Undated photo of Miró

"I try to apply colors like words that shape poems, like notes that shape music." - Joan Miró

RESEARCH PAPER

THE ARTIST

Joan Miro is a rare example of an artist who had unvarying good fortune in his life even at a fairly young age. He owed his success to himself, his quiet persistance and dogged labor enabled him to overcome early difficulties and to rise above the customary formulas.

Miro was born in Barcelona, studied in Barcelona schools and painted his first oil in 1912. He first went to Paris in 1919 where he met Picasso and other artists painting in the surrealist style. From that time until 1933 he spent winters in Paris and summers in Montroig. During this time he had exhibitions in Paris, Brussells, New York and Chigago. In 1936 he left Spain due to the Civil War and returned to Paris where he remained until the advent of World War II, when he moved to Varengeville-sur-Mer.

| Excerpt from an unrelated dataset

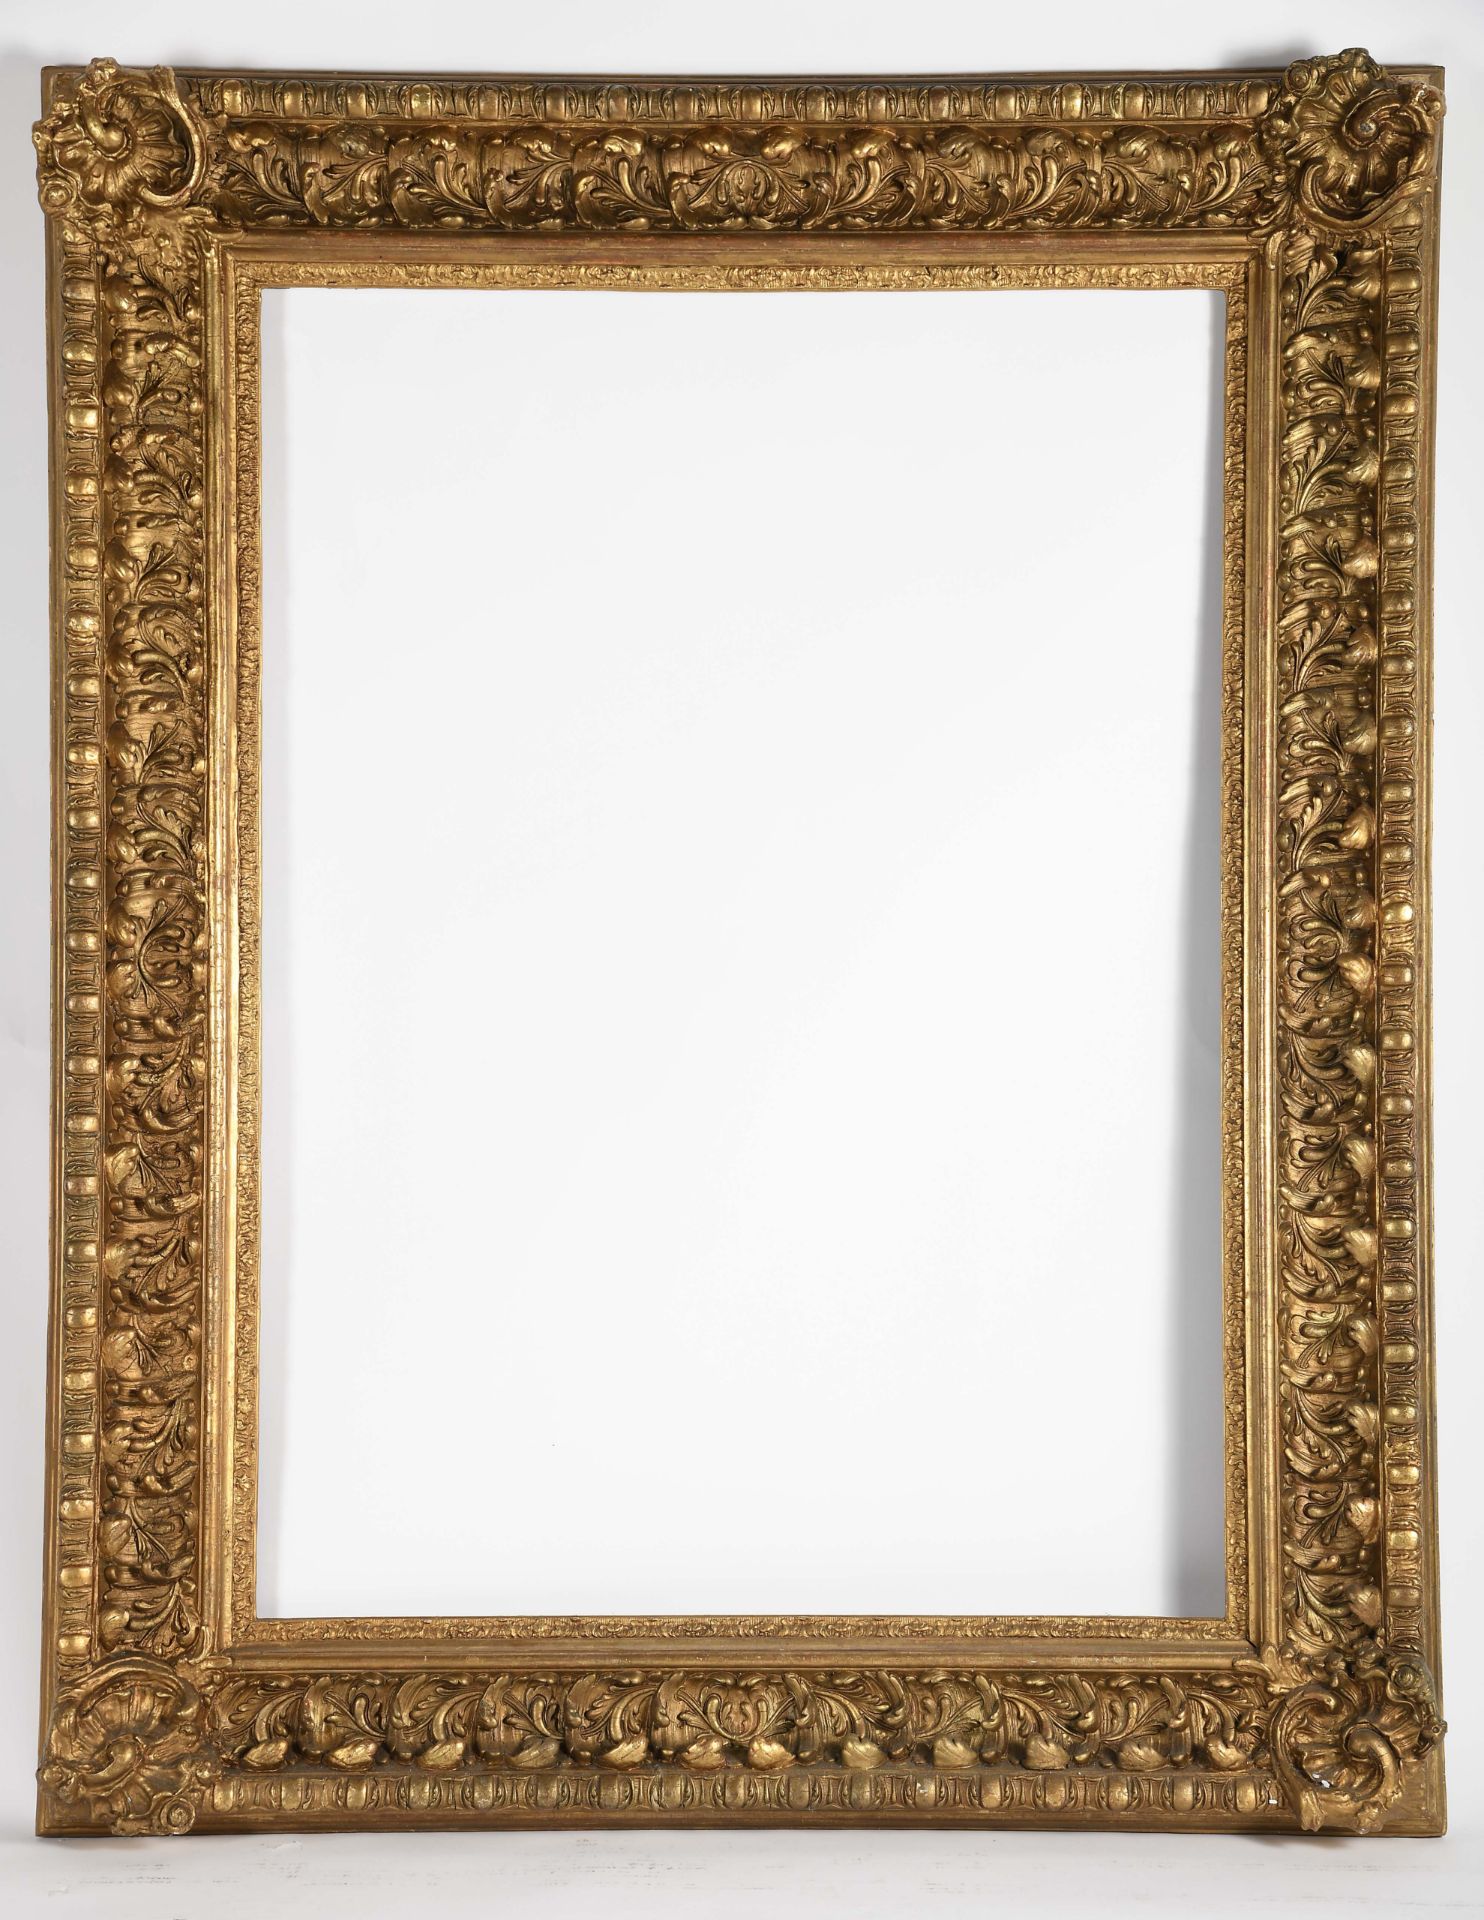 A frame

While at Varengeville he painted a number of small playful pictures on canvas and burlap and felt this was a new stage in his work. In 1939 at the fall of France he fled back to Spain. While in Spain he was preoccupied with music, nature and the texture of surfaces on which he worked. The night, music and stars began to play a major role in his paintings. He was fascinated by light coming from windows in the Gothic Cathedral at Palma. He sat for long periods watching light and listening to strains of the organ, immersed in meditation, and absorbing impressions of music, poetry and the stimuli of the lights reflections on water and the Cathedral walls. The result of this withdrawal was a series of 23 small gouaches begun in Varengeville in 1939 and completed in Palma. It is possible the Santa Barbara Museum of Art work was among these.

These gouaches were exacting, both technically and physically, and each one took about a month to produce. The artist himself said he was most of all intent on compositional balance. Also at this time he produced a series called Constellations which achieved his intent in compositional balance. From this period on he worked in ceramics, murals, tapestries, costume design and collages, worked on burlap, canvas and paper. He made his first trip to the United States in 1947 and saw his work become de rigure of the establishment - a status symbol - and for these he received large commissions.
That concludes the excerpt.